PyCon DE and PyData Berlin are an established beacon in the Python community's annual calendar. Developers, experts and enthusiasts from a wide range of backgrounds came together this year for the joint conference in Berlin for 3 days. A total of 1500 people attended the event and took part in lectures and workshops from no less than 7 mostly parallel tracks and exchanged knowledge.
We were there for you and would like to share our impressions of the conference: Today we look at innovations and trends in the field of machine learning and its areas of application. Impressions and highlights from a data engineering perspective will follow in a later article.
The big buzzword of recent times is once again AI, artificial intelligence. The programme of the PyData Conference 2024 therefore also included many contributions on the implementation of "AI" using Python, on its application in various scenarios or on the technical optimization of so-called Generative AI (GenAI) and Large Language Models (LLM). From our perspective, Prof. Ricardo Baeza-Yates did make the most important contribution in his keynote speech: What questions to ask before jumping on the AI bandwagon. Legal, ecological and also engineering aspects should be taken into account when deciding whether the use of highly complex and extremely energy-intensive statistical models for a specific application makes sense at all.

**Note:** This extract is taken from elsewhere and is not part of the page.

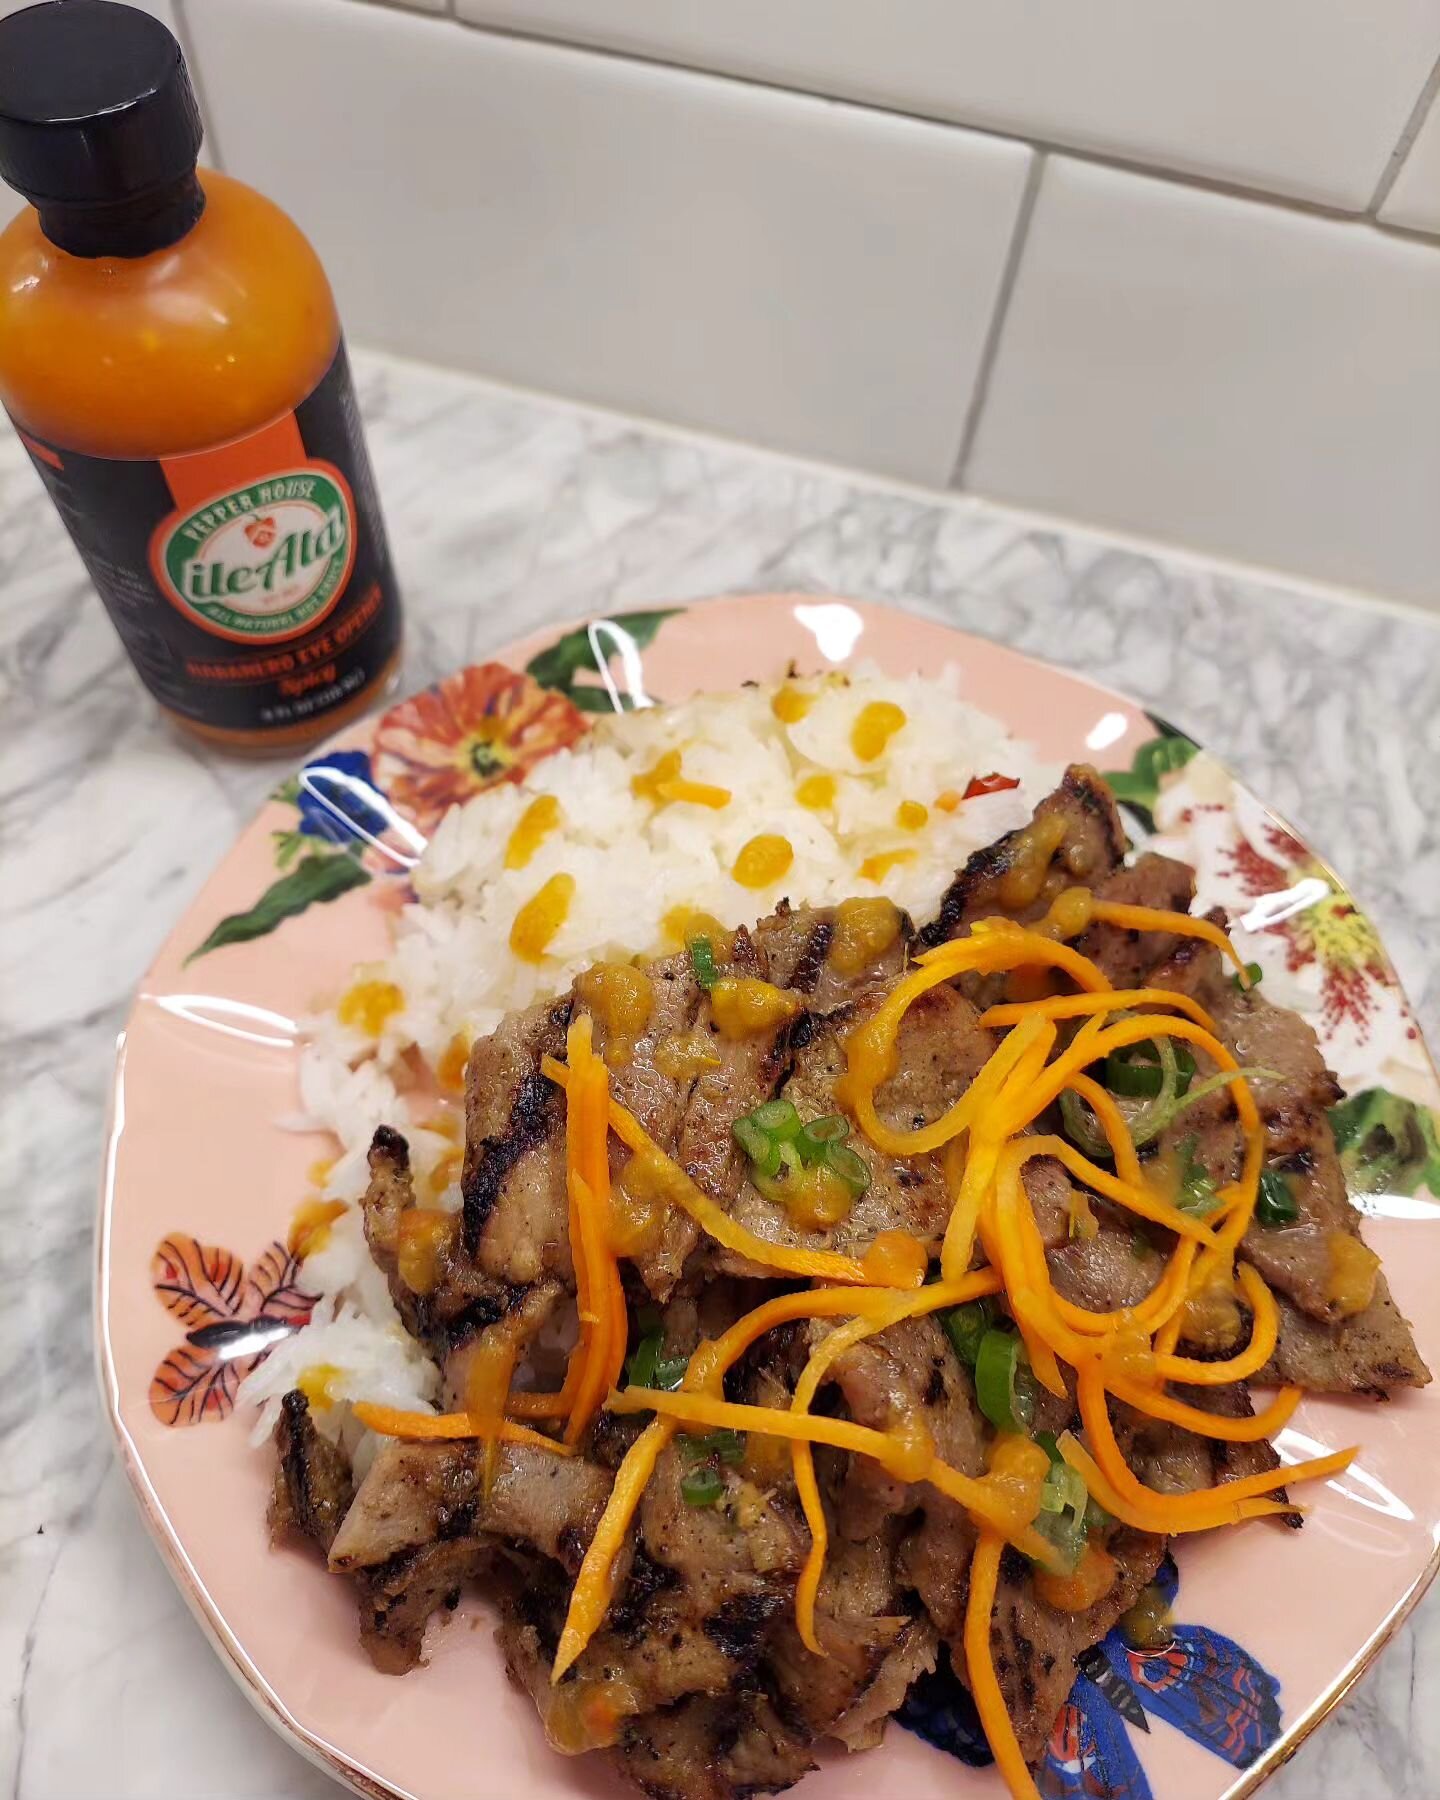 Grilled pork over rice gets some major heat and flavor with our hottest sauce: Habanero Eye Opener Spicy. #OrangeHotSauce #Spicy #SpicyHotSauce #FlavorUpgrade #FlavorWithAKick #HotAndSpicy #PorkAndRice #PorkOverRice #GrilledPork #HotSauce #HotSauceFo

In the wake of the AI hype, machine learning (ML) methods are getting better and better and are becoming increasingly accessible for use in everyday business. In a very entertaining presentation, John Sandall developed a lightweight tool for fully automated audio transcription and content summarization of voice recordings practically live on his own laptop. A great example of how state-of-the-art technologies can be used to optimize everyday working life without expensive cloud services that raise data protection concerns.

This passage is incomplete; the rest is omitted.